1. If should be obvious, but as a self-employed person, you are a business for tax purposes (unless you have set up your business as a corporation or some other legal entity). That means you'll need to file Schedule C to calculate your business profit (or loss) with your tax return. If you've got a profit on Schedule C, obviously, it's taxable; if you've got a loss, you may be able to use it to offset other income on this year's return—and, if you still have a loss, to offset income in previous or future years' tax returns. You also need to calculate your estimated taxes and file them quarterly.

2. One of the easiest and most common ways to fund retirement when you work for yourself is with a SEP-IRA. Your contributions to this type of account reduce taxable income, similarly to those with a corporate 401(k) plan. You can invest as much as 20% of net earnings from self-employment in the plan. Another, more complex option is to open an individual 401(k).

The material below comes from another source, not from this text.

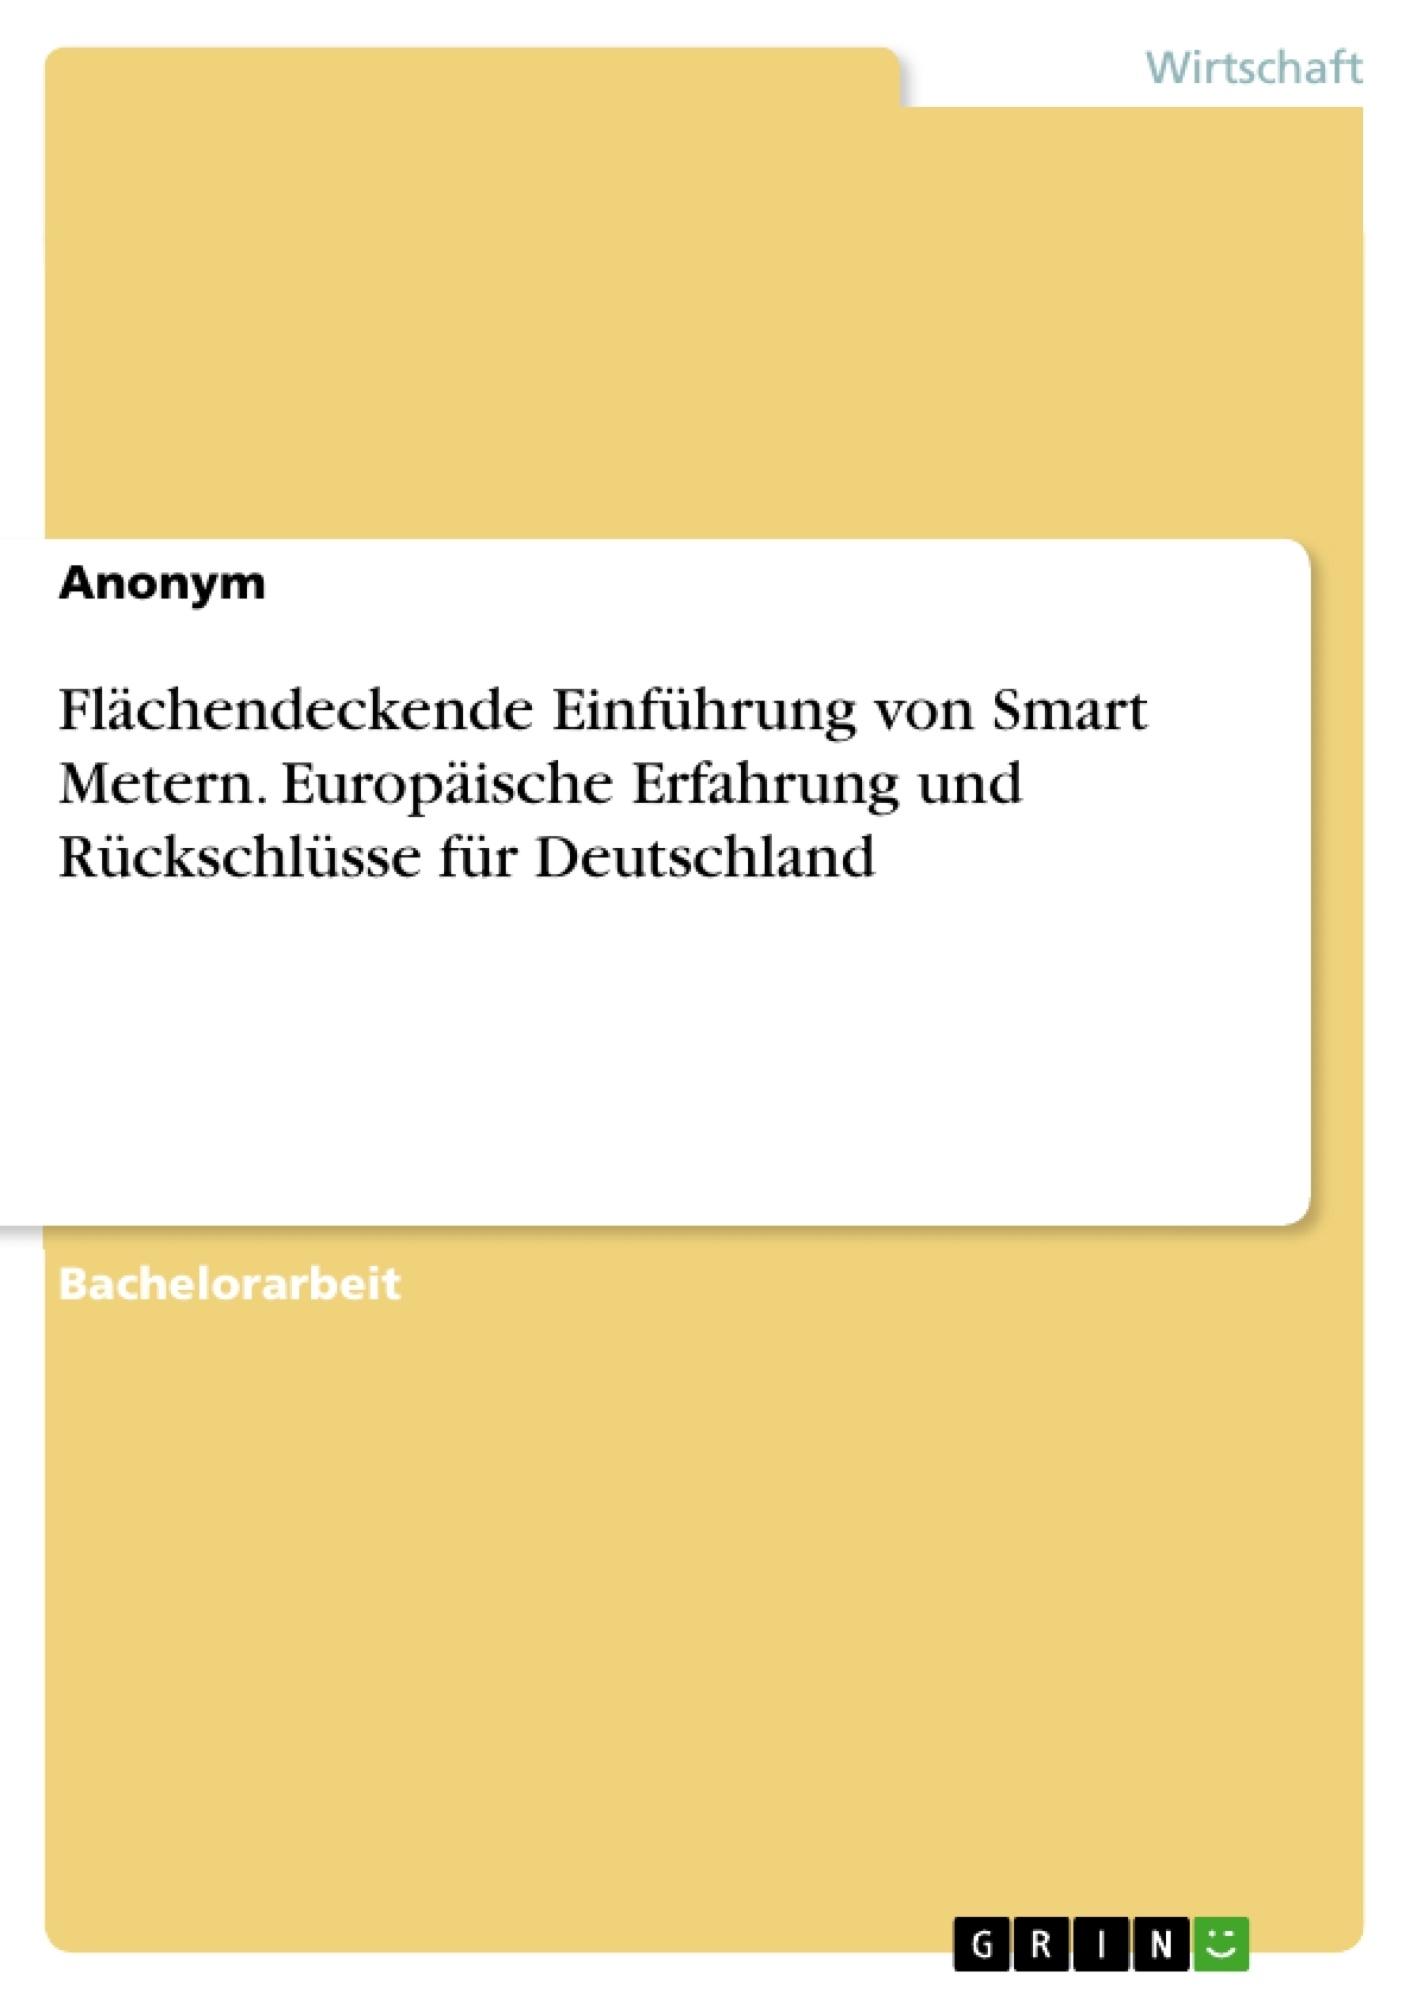 Titel: Flächendeckende Einführung von Smart Metern. Europäische Erfahrung und Rückschlüsse für Deutschland

3. There are a lot of deductions and expenses that you qualify for as a business. Those self-employment taxes? Fifty percent are deductible. Your health insurance premiums? Deductible as well, under most circumstances. And, of course, you will get to write off business expenses for supplies, conferences, business lunches, and the like. So be diligent about compiling receipts. Capital expenses such as a new computer normally would have to be depreciated over time, but under a special small business tax break (IRC Section 179), you can deduct up to $250,000 worth of equipment.

4. Get help when you need it. Tax planning is often complex and difficult. For example, deciding what legal form should your business take can have serious and lasting consequences. Don't be afraid to get some expert help in this area. Trying to do too much yourself can easily be penny wise but pound foolish.